We start by implementing few simple layers in pure NumPy to get the understanding of what is going on in the machine learning frameworks like PyTorch, TensorFlow, etc.

Recall, that a neural network is an acyclic graph with individual nodes being either simple Perceptrons (with non-linearity) or other 'layers'. A layer is an object which has two main functionalities: (i) it can pass the data forward during the prediction/classification phase – implemented in layer.forward method, and (ii) it computes gradients with respect to (w.r.t.) its inputs which are then passed backward during back-propagation training – implemented in layer.backward method. This allows to chain many layers into possibly large graphs and then compute efficiently the gradient of the loss function w.r.t. every parameter.

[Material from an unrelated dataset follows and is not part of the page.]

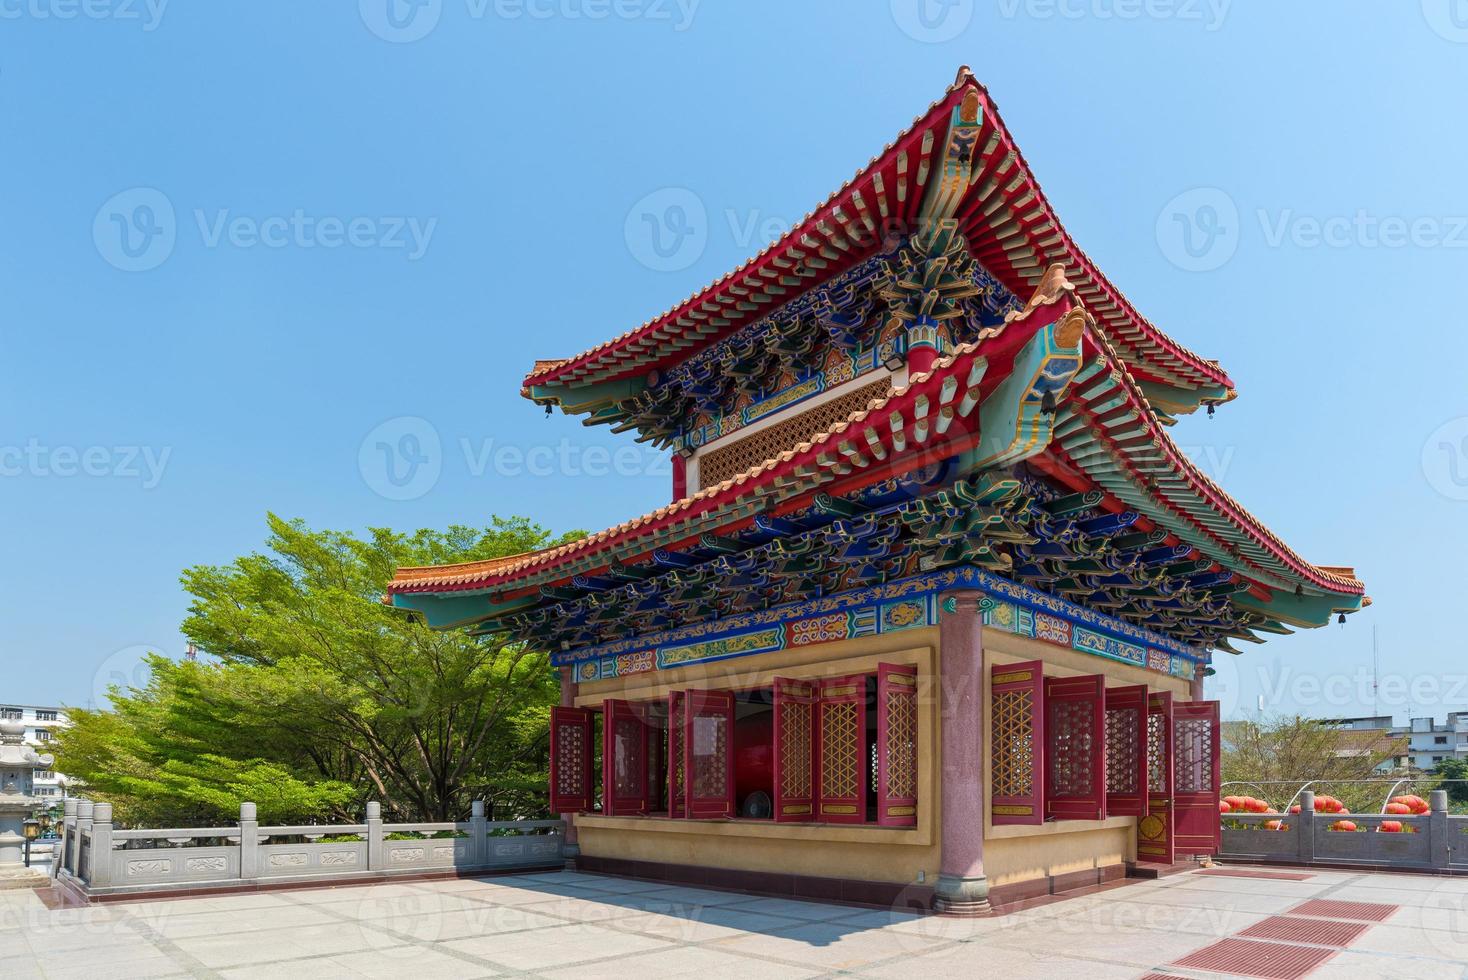 arquitectura del templo chino en tailandia. el dominio público o tesoro del budismo, sin restricción en copia o uso foto

We recommend very much the lecture by Karpathy (or lecture by Shekhovtsov) for a clear explanation of the gradient propagation during back-propagation. In short, one starts first by propagating the input data through the forward calls in each layer sequentially from the first to the last layer. Then, starting at the last layer, one computes the gradients (with the backward function) and passes them to the preceding layers. This is then repeated in every layer. After all the gradients are computed, we train the network by gradient descent.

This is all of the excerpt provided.